Have a Different Kind of New Year

Last year, right around this time, my friend Tina suggested we spend the year focusing on learning about a topic to which we were unfamiliar or just wanted to explore more. We each chose our topic and decided that the full year would be dedicated to learning about this topic any way we chose. My topic was to familiarize myself with finances. Other than how to spend money, my family didn’t teach me much about money. I knew I needed to learn more.

During the year, this topic continued to be a large part of my growth and learning. I didn’t even try. Just setting the intention to learn brought about all sorts of opportunities. In speaking with Tina about it just a few weeks ago, I realized all that I had accomplished on this topic and all the changes in my belief patterns that had taken place because of it. Tina often has great ideas of things to do and this was no exception.

As another New Year approaches, you may want to work on changing your relationship with food. Perhaps, like me, you will find that setting this intention at the beginning of the year (or right now, at the very end of this year) may bring you the perfect opportunities to learn and grow.

After all, more days, months and years of continuing in your restrictive, dieting, bingeing and purging thoughts and behaviors hasn’t helped so far. Perhaps the New Year can bring a time of change and healing, rather than more of the same.

To support you, I have reprinted below “The Eater’s Agreement” taken from a passage in Marc David’s book Nourishing Wisdom. As you read it, take it on as though you are choosing it for yourself. Allow yourself to own it as you. Notice and acknowledge any fears (possibly disguised as resistance) that surface.

If you wish, set an intention to take this on further throughout the next year. Give the Universe permission to help you do this by bringing you further opportunities to learn and grow and heal your relationship with food once and for all.

The Eater’s Agreement

I hereby agree, from this day forward, to fully participate in life on earth. I agree to inhabit the appropriate vehicle for such participation–a body. As a requisite for the sustaining of that body, and of the life that dwells therein, I agree to be an eater. This agreement fully binds me for the duration of my stay on earth.

As an eater, I agree to hunger. I agree to have a body that needs food. I agree to eat food. I recognize that as the biological need to eat is fulfilled with greater awareness and efficiency, the benefits of my well-being will increase. I further acknowledge that ignorance of the eating process may cause undesirable consequences.
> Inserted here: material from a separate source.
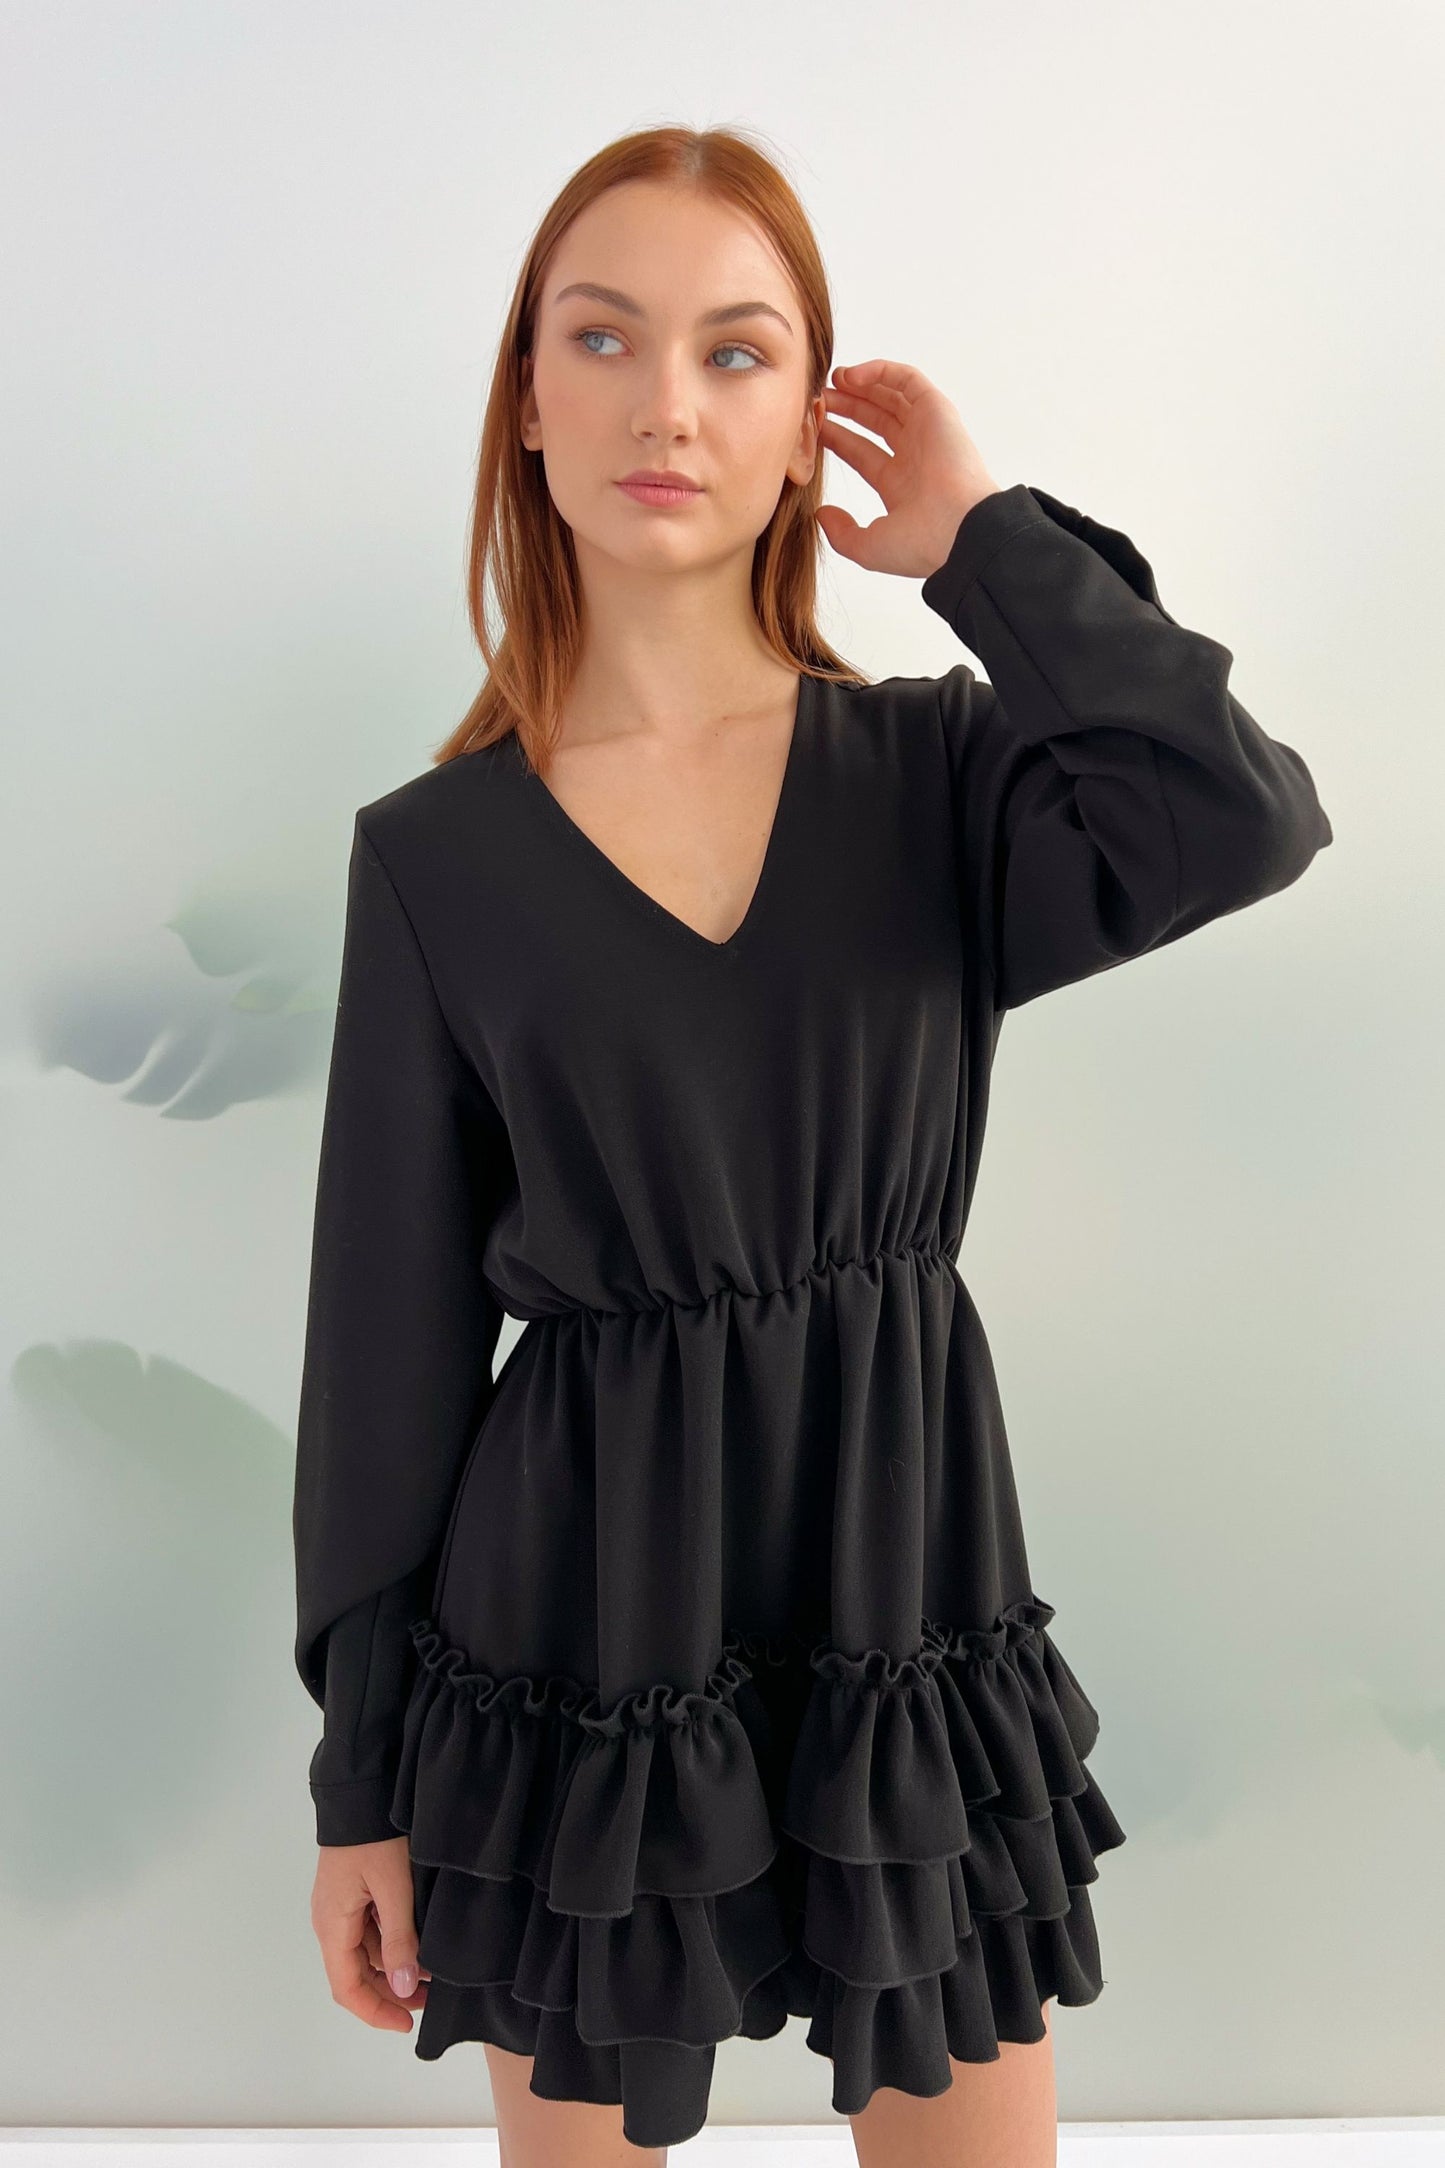 Black autumn dress with ruffles
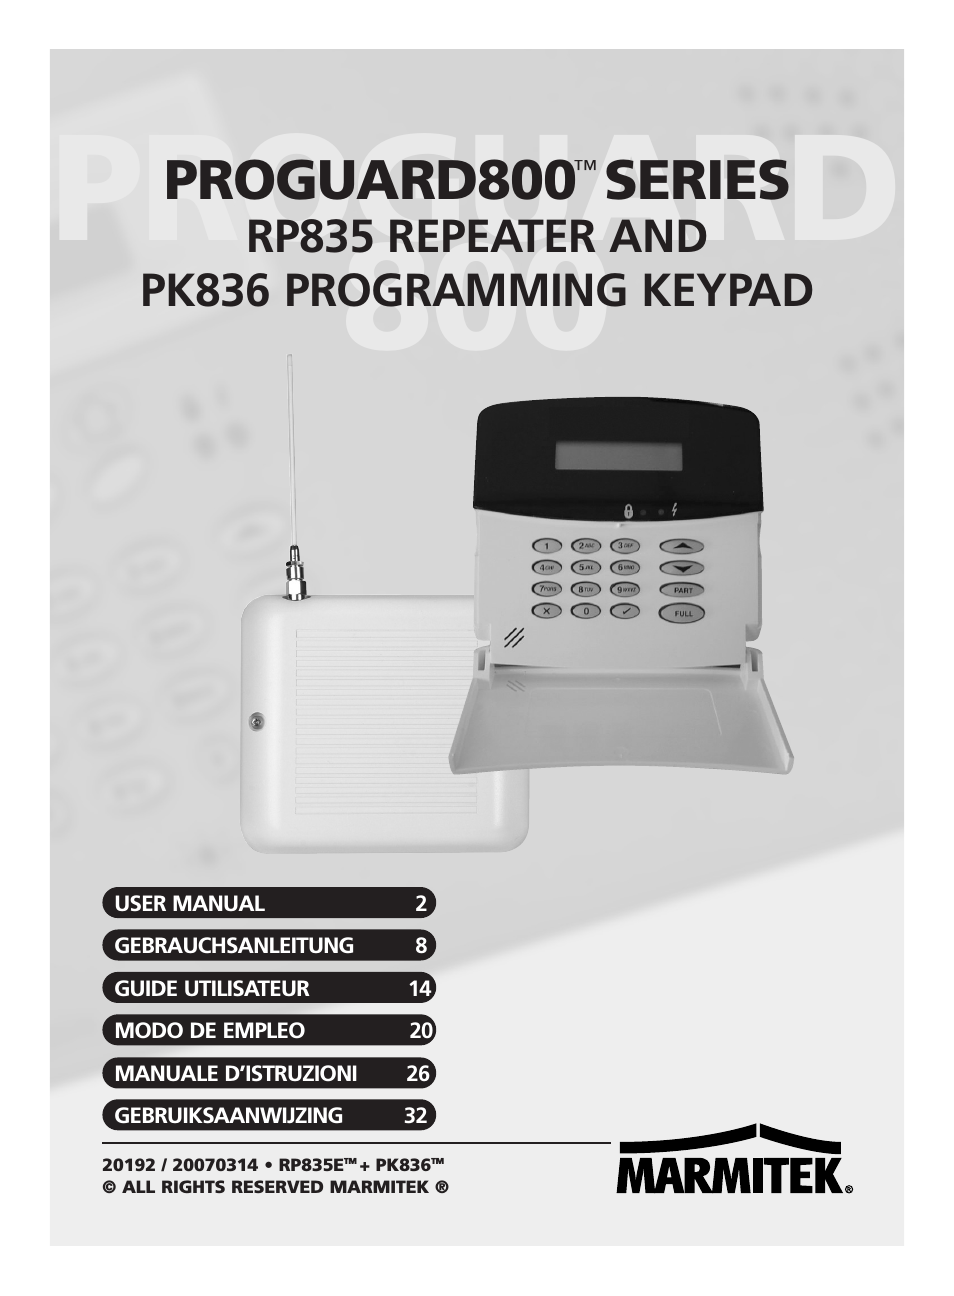 PROGUARD800 Series RP835

Because the essence of my participation in life is one of learning and exploration, I agree to experience uncertainty as an eater. I recognize there are a great variety of foods to choose from, and I may not know which to eat. I may have a choice of different nutritional approaches, and not know which to follow. I have an assortment of habits, and not know how to manage them. I recognize that my relationship to food is a learning process and I will inevitably make mistakes. Therefore, as an eater, I agree to accept my humanness and learn as I go along.
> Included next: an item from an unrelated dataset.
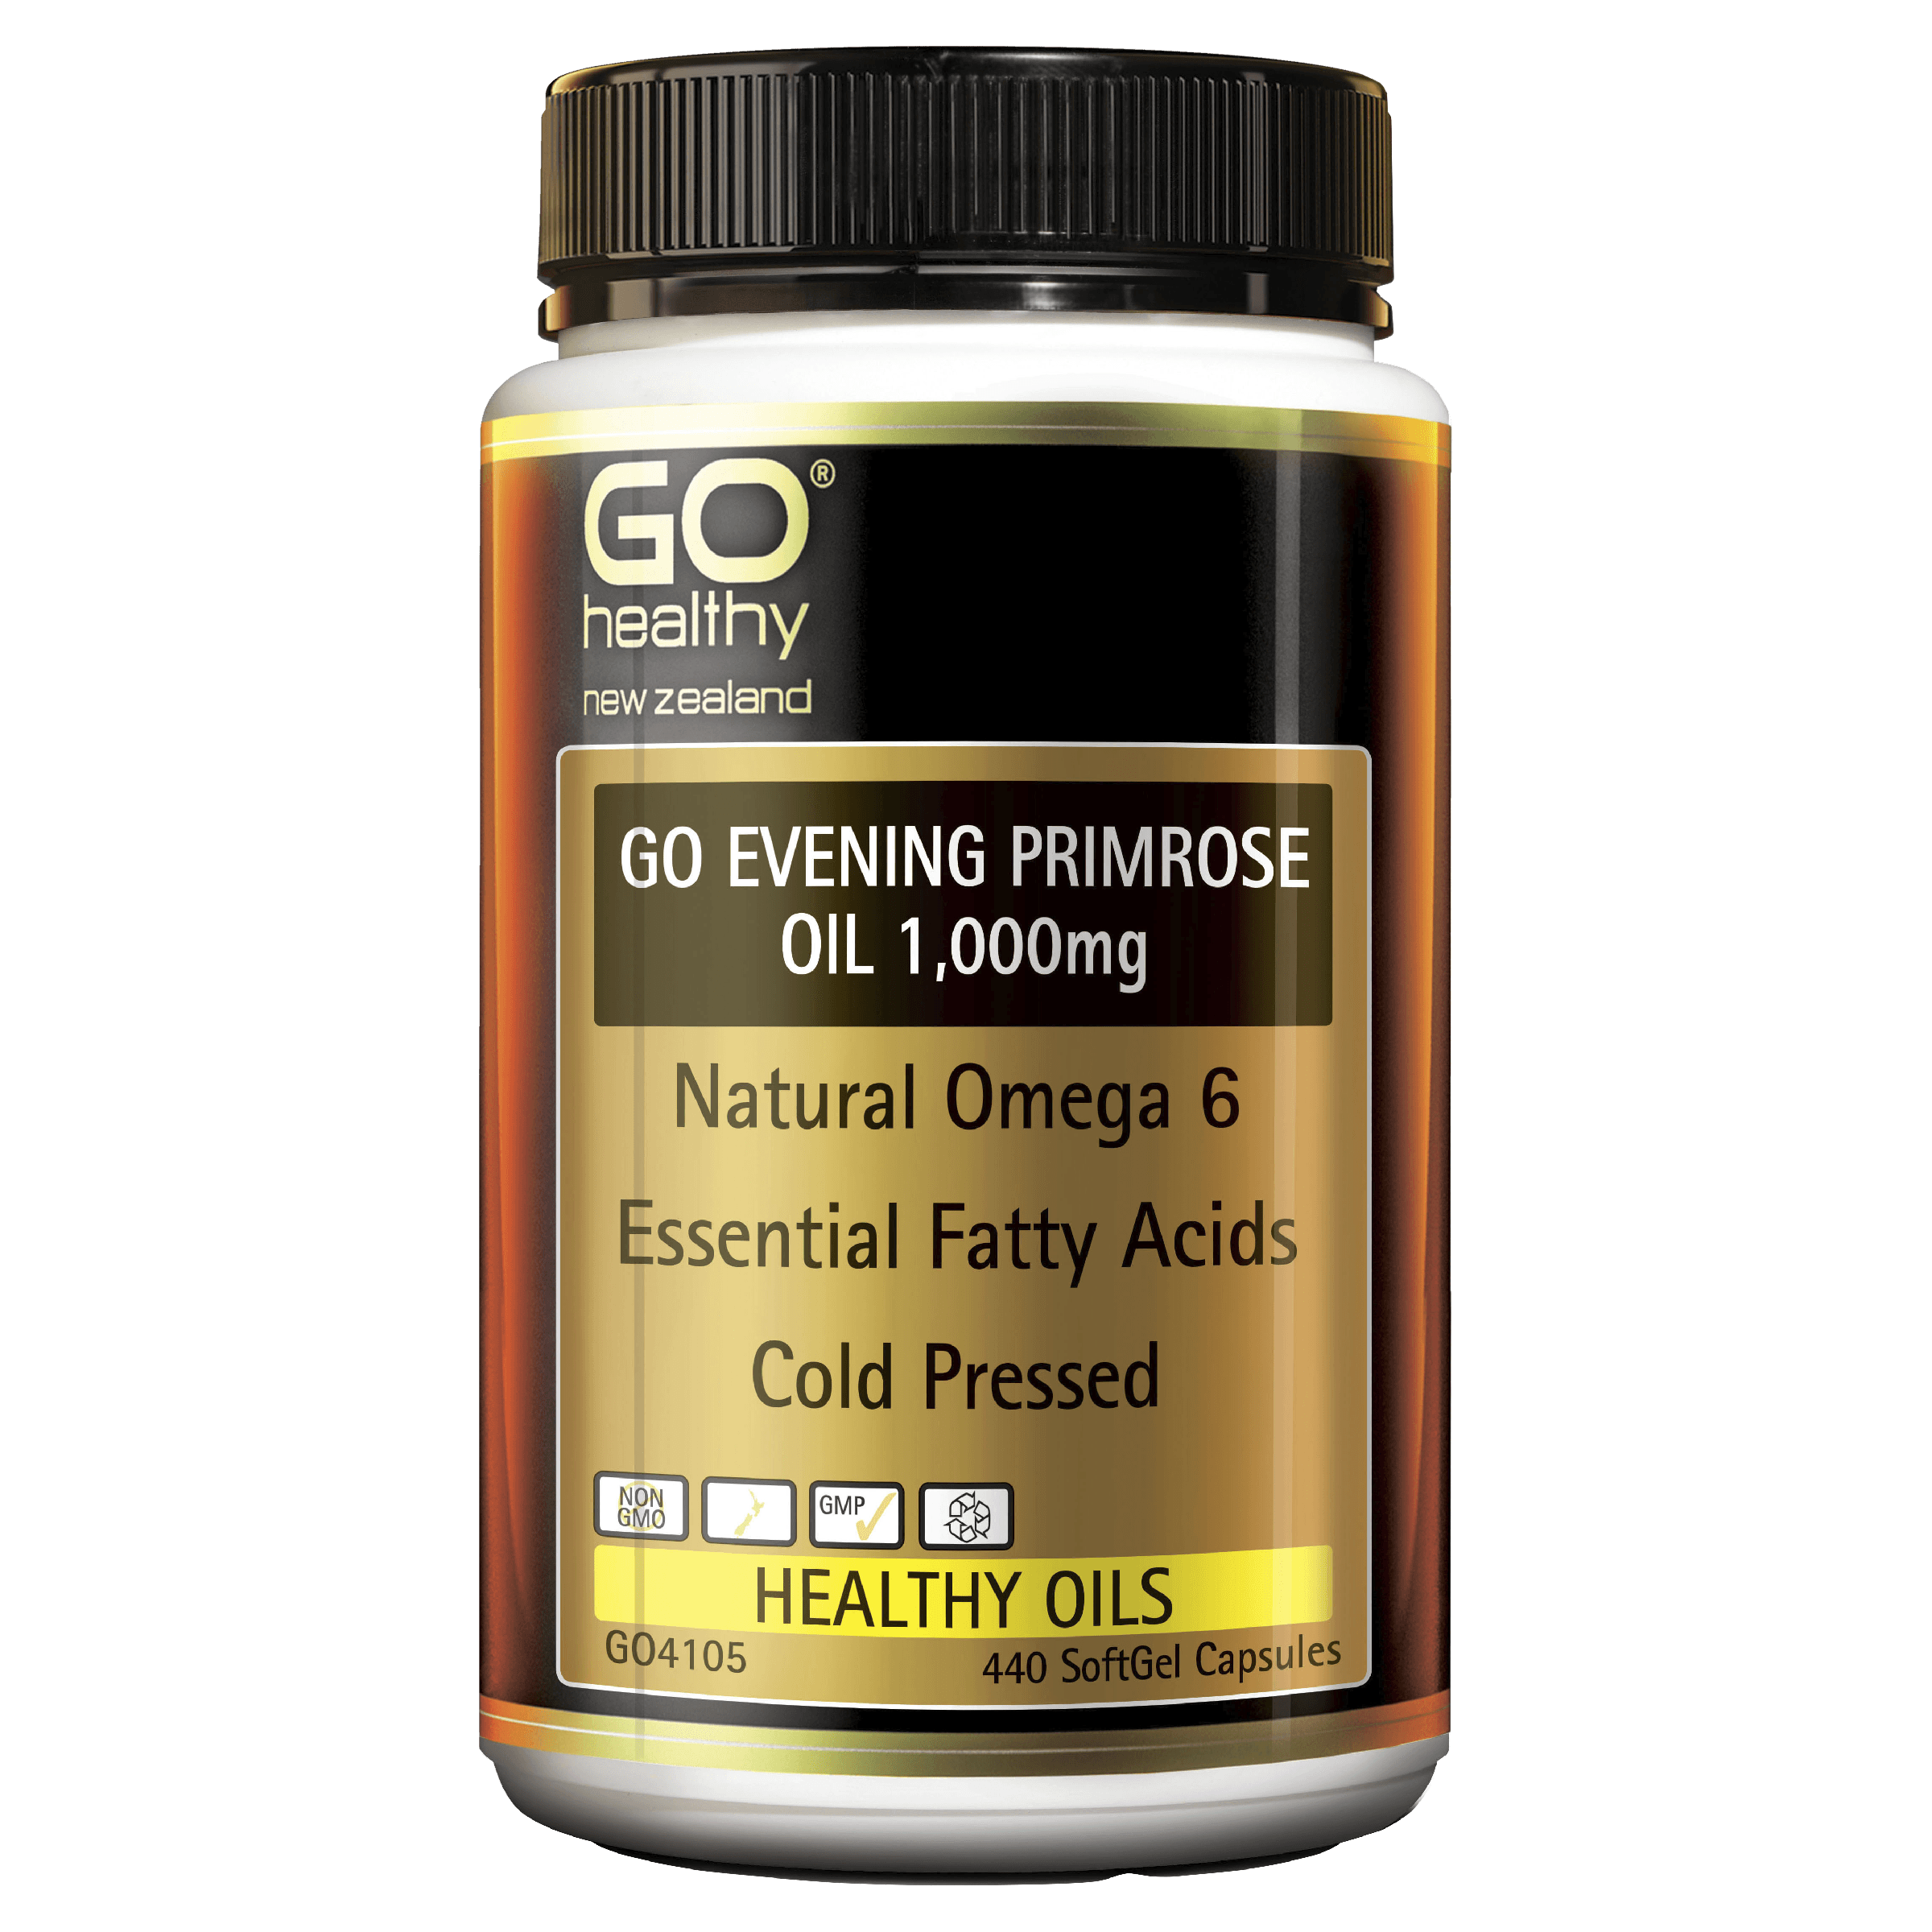 Go Healthy Go Evening Primrose Oil 1,000mg

I acknowledge that as the body changes from infancy to old age, so will the eating process change. I recognize that my body may call for different foods as the days, seasons, and years progress. My dietary needs will also shift in accord with changes in my life-style and environment. I understand that there is no one perfect diet.

As an eater, I accept pain. I recognize that I may suffer pain when the body is disturbed by my choice of food or eating habits. I may also experience pain when emotional and spiritual hungers are confused with physical hunger. I further understand that eating to cure a pain that cannot be remedied by eating may bring even more pain.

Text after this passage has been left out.